Manufacturing is an energy-intensive process; more so for some products than for others, and is governed by a myriad of variables. Softwood plywood, for example, requires 3,790 BTU/sq.ft. to manufacture whereas hardwood veneered plywood requires 12,942 BTU/sq.ft. The difference is in transportation; the hardwood face veneers have to be shipped long distances to the mill, whereas softwood plywood is manufactured close to the softwood forests. Handling, fuel costs and mileage allowances more than treble the energy embodiment of the one over the other.
Now lets look at Rastra-block. There are lots of variables here, and I haven't a clue what it takes to collect all those old coffee cups, transport them, process them and pack them into the shapes we see on the jobsite. They claim that 85% of the product is recycled material, and that ten square feet of Rastra requires only 1 kilowatt hour of electricity to produce. Interesting spin. I would be truly impressed if they claimed 10 cubic feet, but that ten square feet may translate into a fractional cubic foot if it is, for example, 1/16th of an inch thick. The other thing they don't tell us is how much energy is consumed collecting and transporting the stuff prior to expending that 1kWh. FYI, the 1kWh is equal to 3412 BTU, so it does not take long before you're talking real energy.

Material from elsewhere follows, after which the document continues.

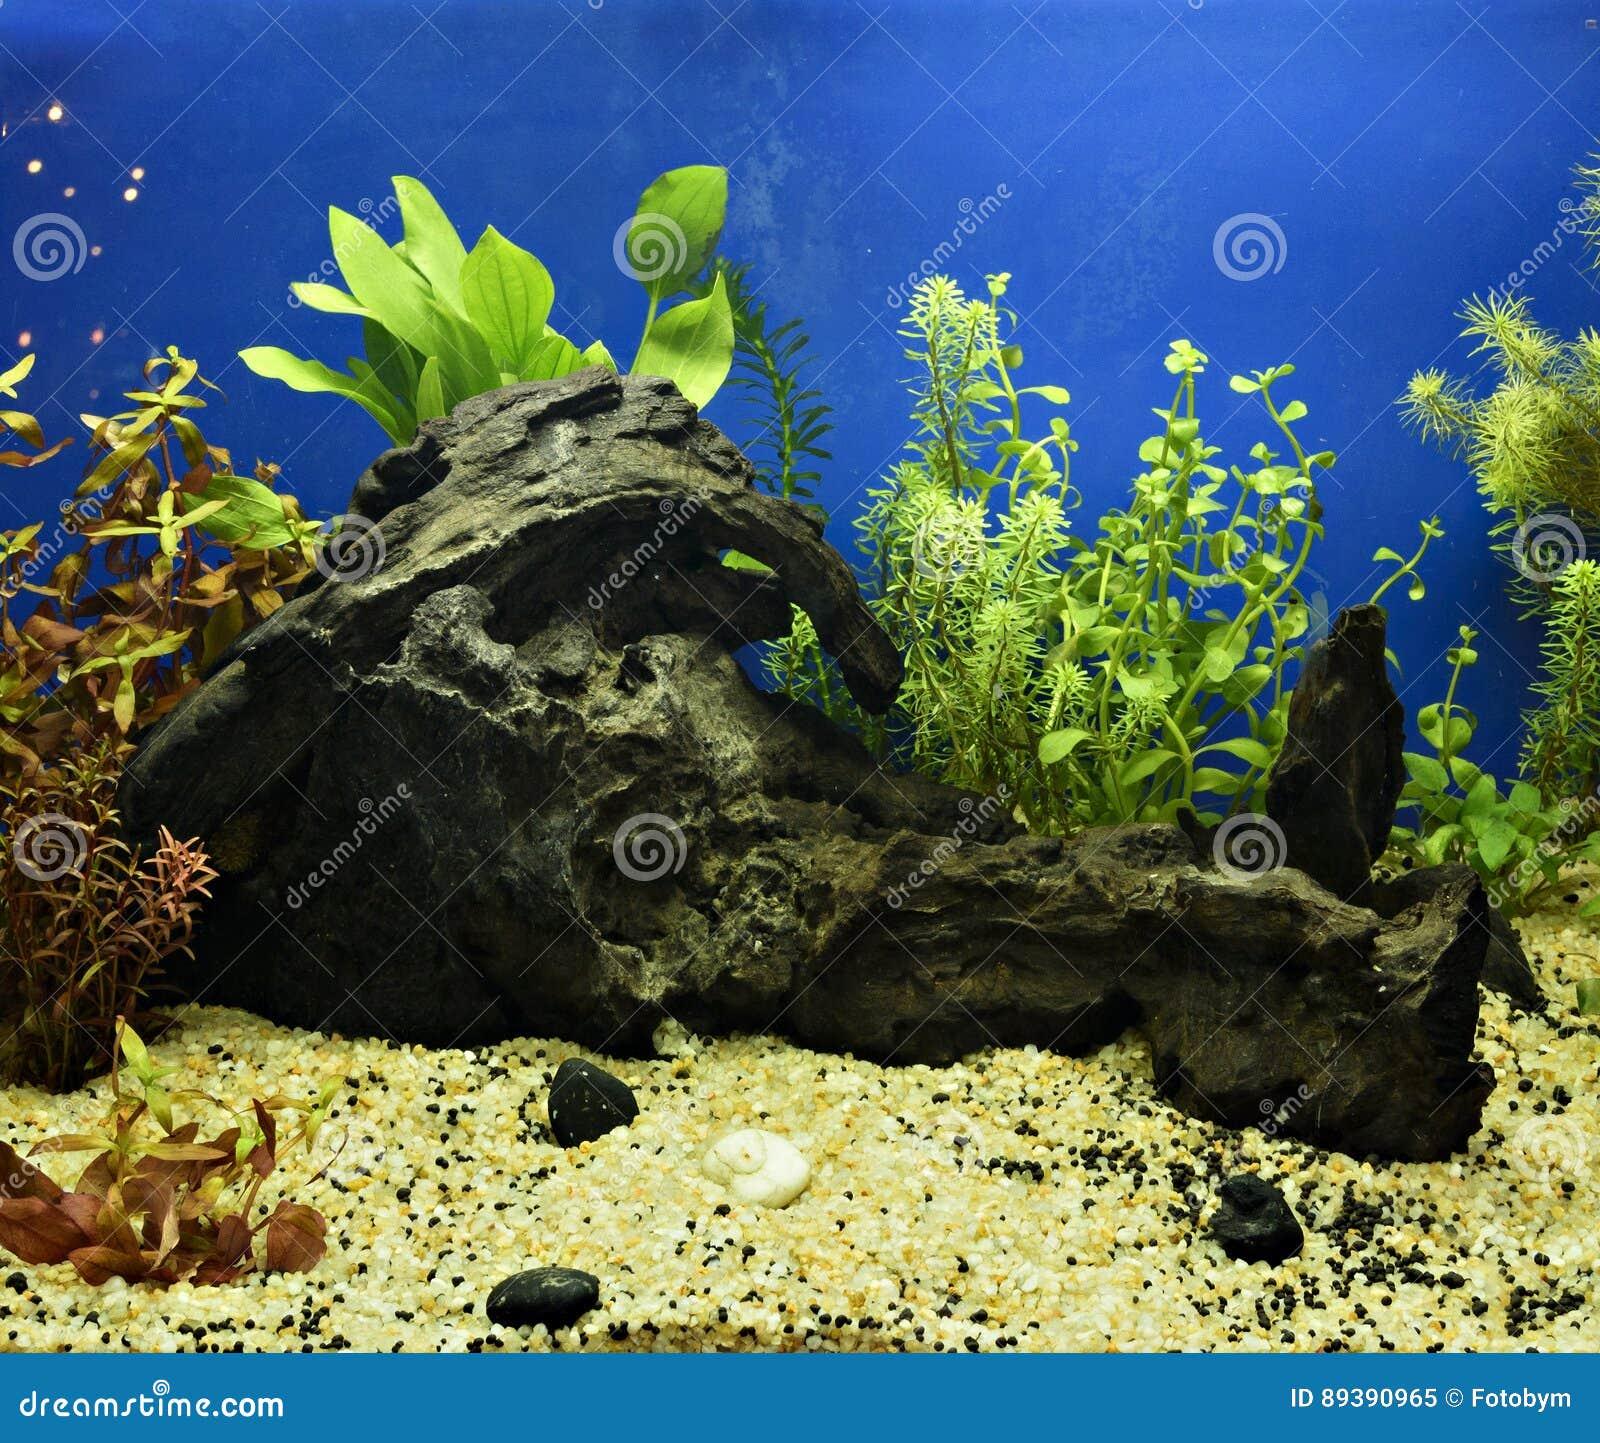 Aquascaping Of The Planted Aquarium Stock Image Image Of Aquascaping Fresh 89390965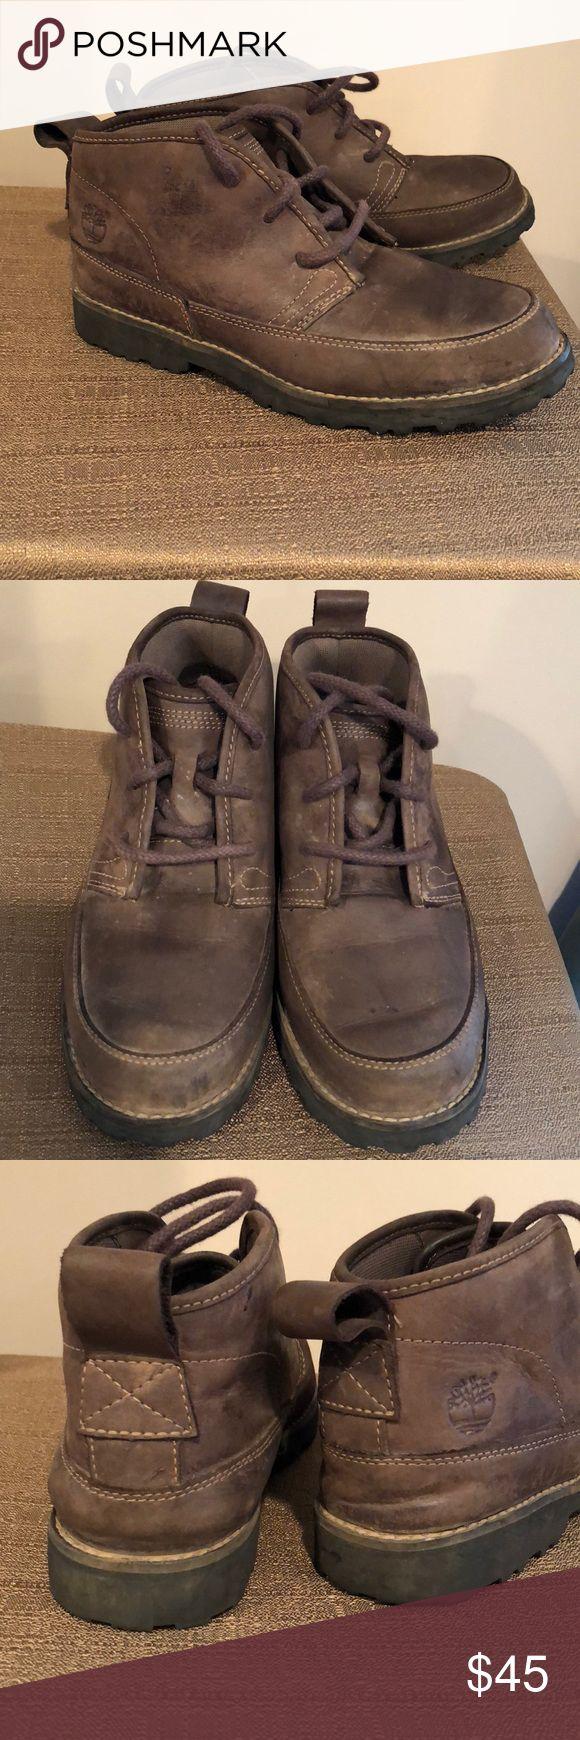 TIMBERLAND EARTHKEEPERS BOOTS 5 Boys TIMBERLAND EARTHKEEPERS BOOTS 5 Boys Timberland Shoes Boots

Then there is the issue of Portland cement. Rastra-block, as nearly as I can tell, is about 50% concrete. To manufacture one 94-lb bag of Portland requires an energy input of 381,546 BTU. Then it has to be transported to the redi-mix plant, mixed with aggregate (lots more energy expended in extracting that), and transported to the job site. It is conservative to say that that 380K becomes at least 600K by the time it finds its way to your walls. (Portland, by the way, is roughly 11% of the volume of concrete, with 67% being aggregate and the rest air and water. On average, it takes 6 bags to make a cubic yard which translates into about 85,000 BTU/cu.ft for the Portland alone -- not counting aggregate, water and transport.) This stuff isn't green, it's gray.
How does Rastra compare with earth? I know of no statistics covering the energy embodiment characteristics for adobes, rammed earth or pressed blocks. I suspect that adobes are pretty high because of transportation costs. (They are definitely labor intensive, and I m not sure how to calculate energy embodiment derived from my favorite breakfast burritos.) Same with rammed earth. Hydraulically pressed earthen blocks, however, probably have the lowest energy embodiment of any manufactured masonry unit on the planet. Years of experience with the machines that make pressed earthen blocks have provided me with some amazing statistics, among them a cost-per-unit of three to six-cents, and extremely low labor costs because the material is only handled twice. This will be the topic of an upcoming column.
Now, lest you think that I rabidly oppose Rastra, let me clarify my position. I would have zero problem with it if only its promoters didn't try to spin its virtues with soft phraseology, platitudes and misleading statistical presentations. I don't question the results of their thermal tests (though I probably should), and I admire the cleverness of the system. What I take objection to is the tendency of Rastra promoters to market their new technology as environmentally-friendly without an honest, hard-headed analysis of the environmental costs. The planet needs building techniques that cause less environmental damage, but the bandwagon approach taken by most promoters of "green" building systems is leaving the movement with damned little credibility.